• _PROBLEM DETAILS_:
Repeat exactly, and only, the lines from the line bearing "Joola Polokošile Equipe" through the end of the material. Do not copy the pictures.

• _DATA EXTRACT_:
+===+
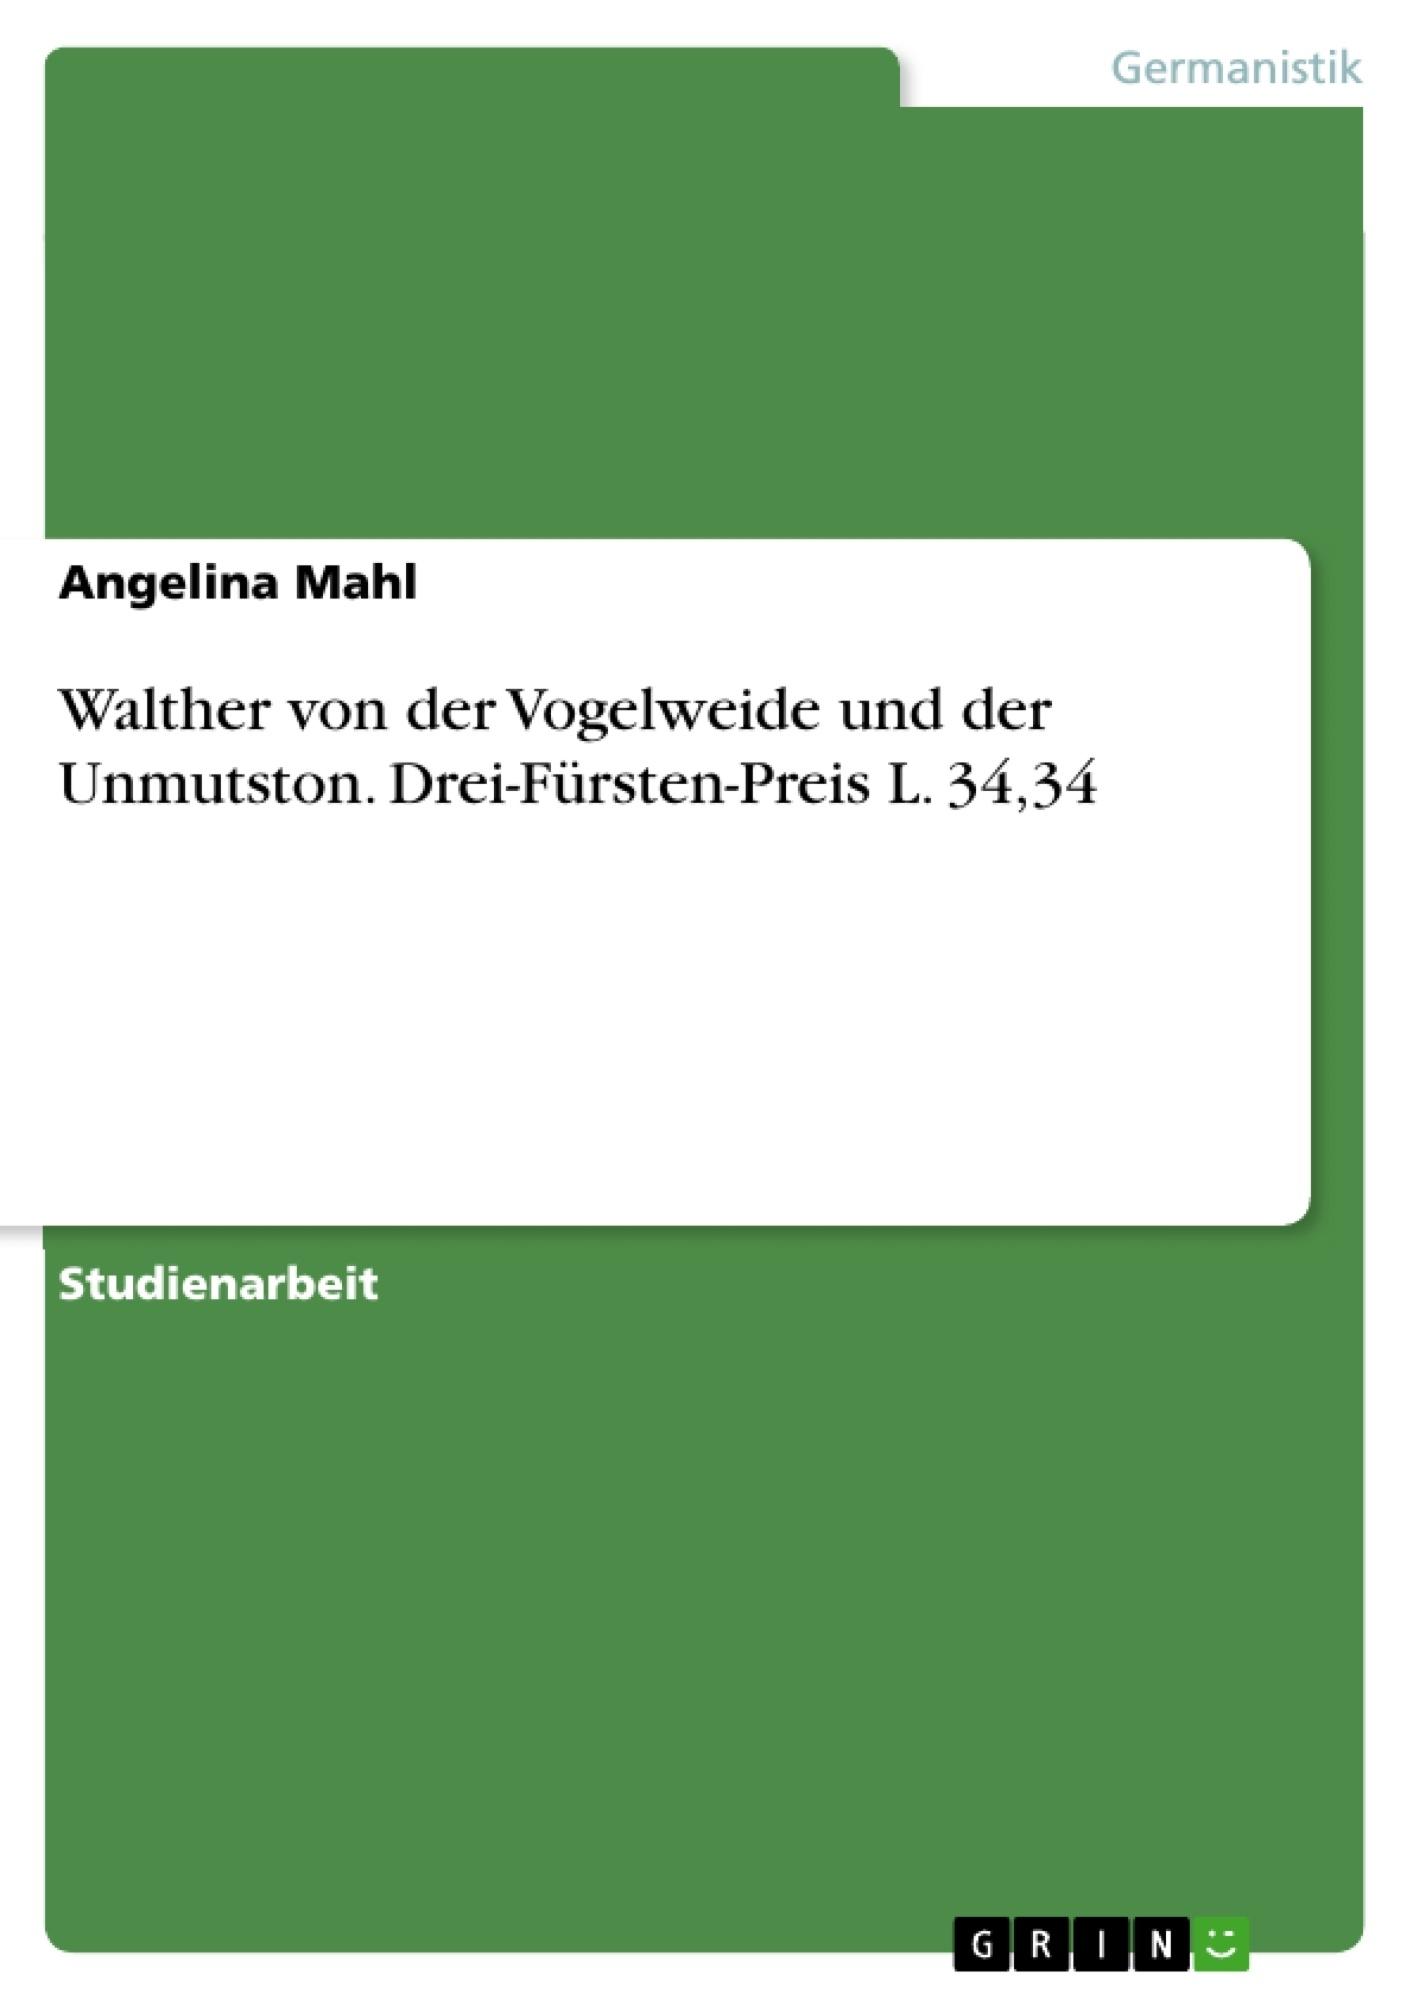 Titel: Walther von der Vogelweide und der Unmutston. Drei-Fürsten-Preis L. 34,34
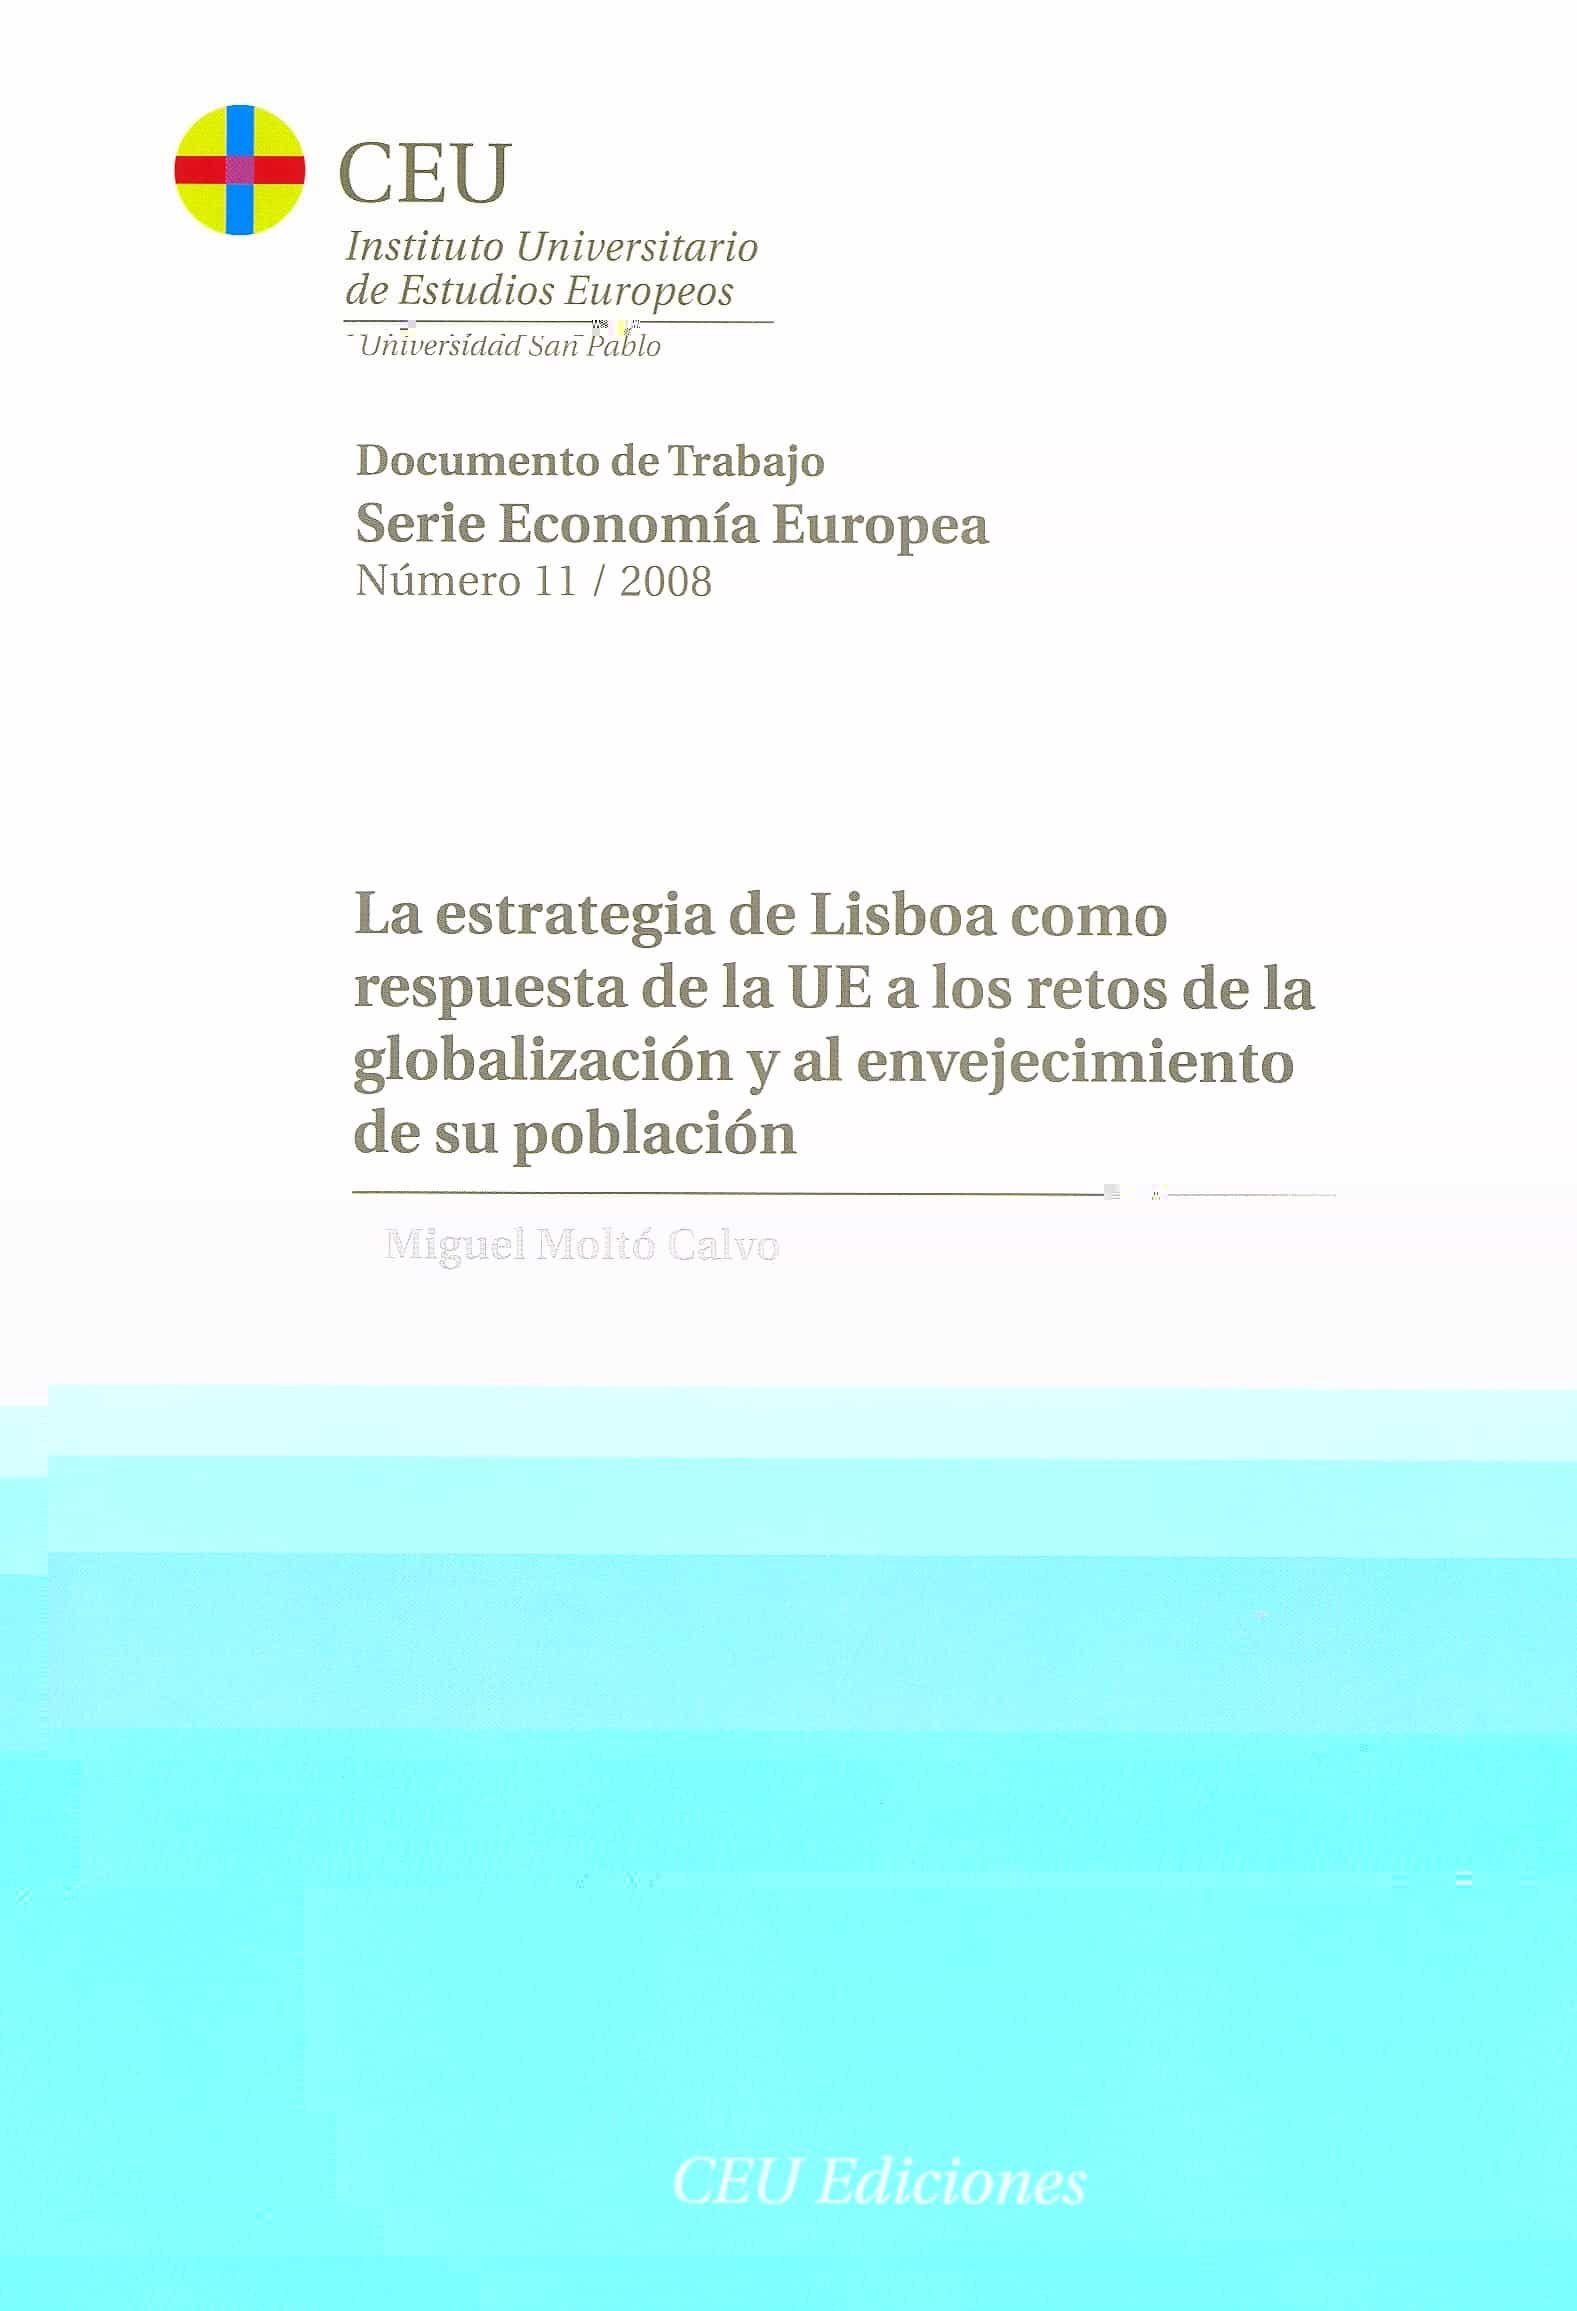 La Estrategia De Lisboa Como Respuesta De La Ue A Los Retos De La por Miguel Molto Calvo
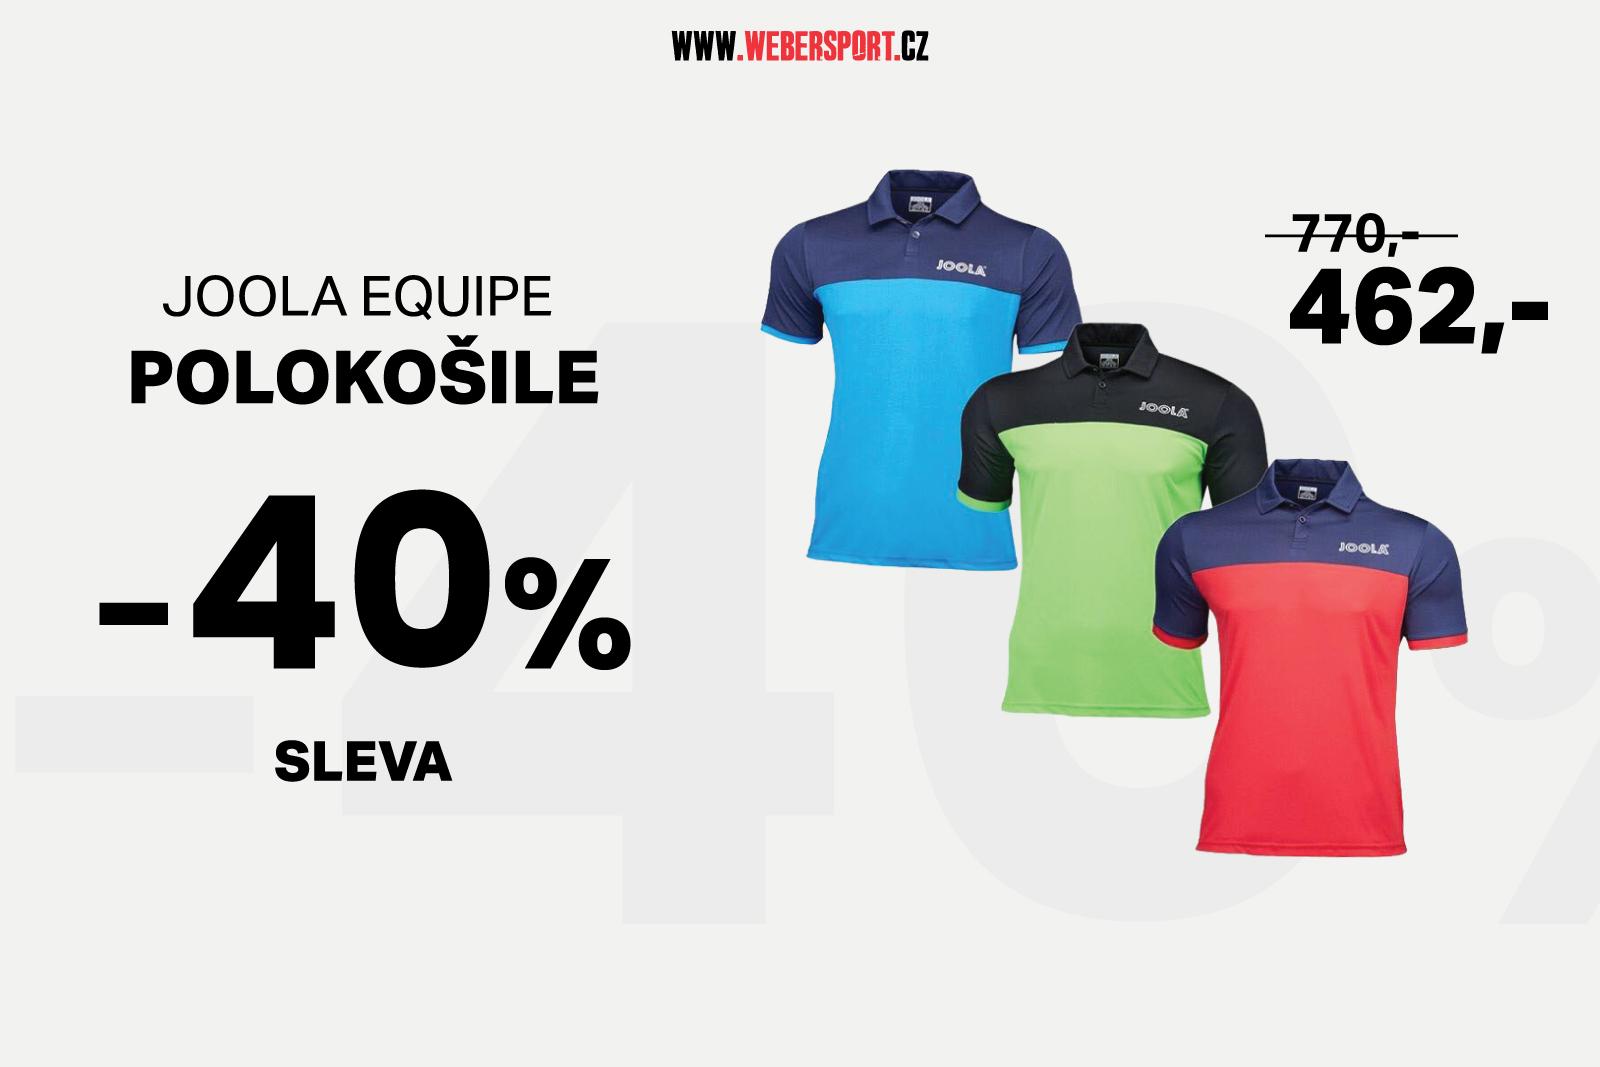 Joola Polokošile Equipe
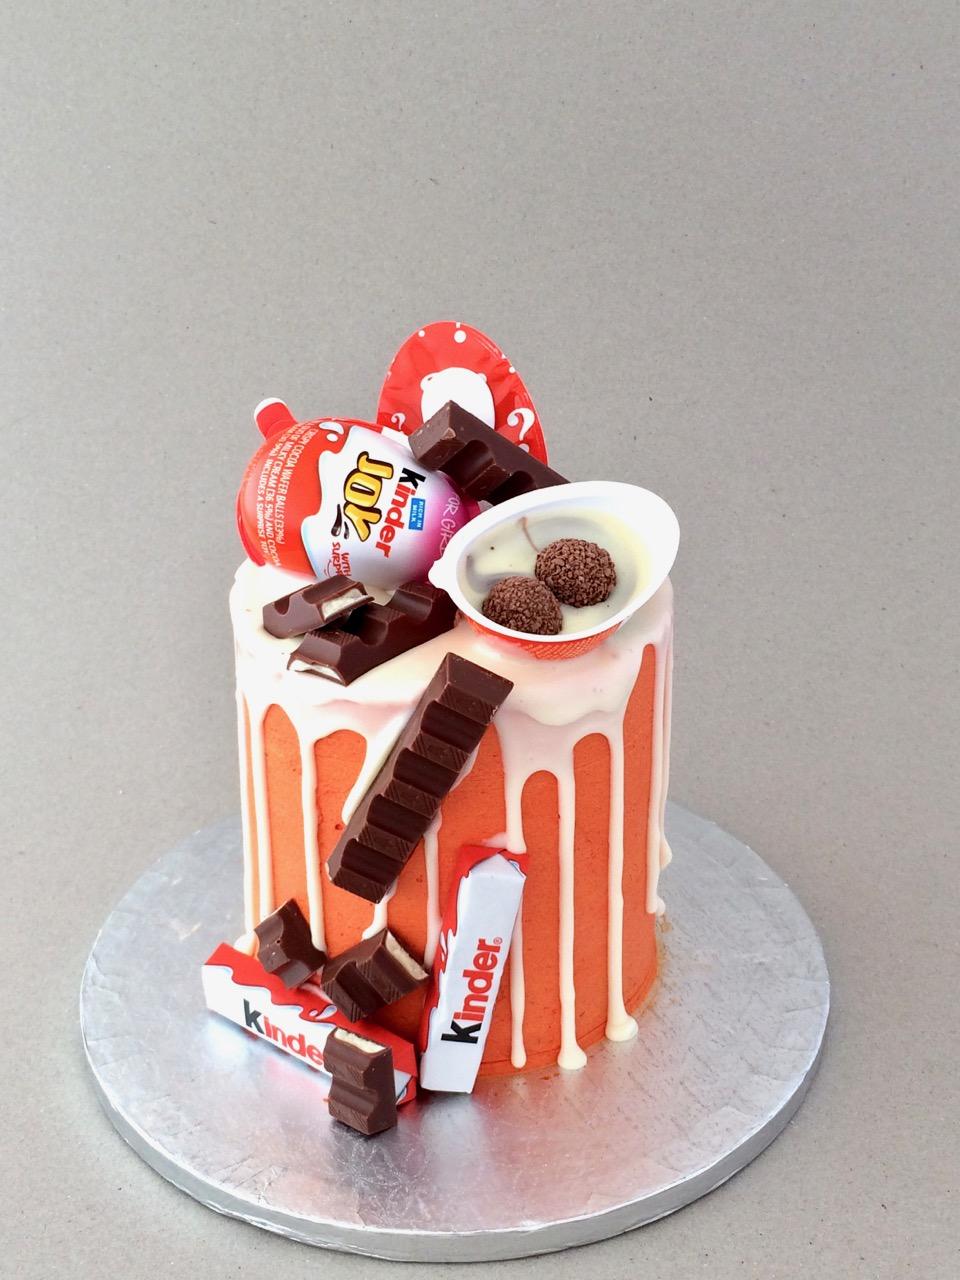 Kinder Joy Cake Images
+===+
• _RESPONSE_:
 Joola Polokošile Equipe
 Kinder Joy Cake Images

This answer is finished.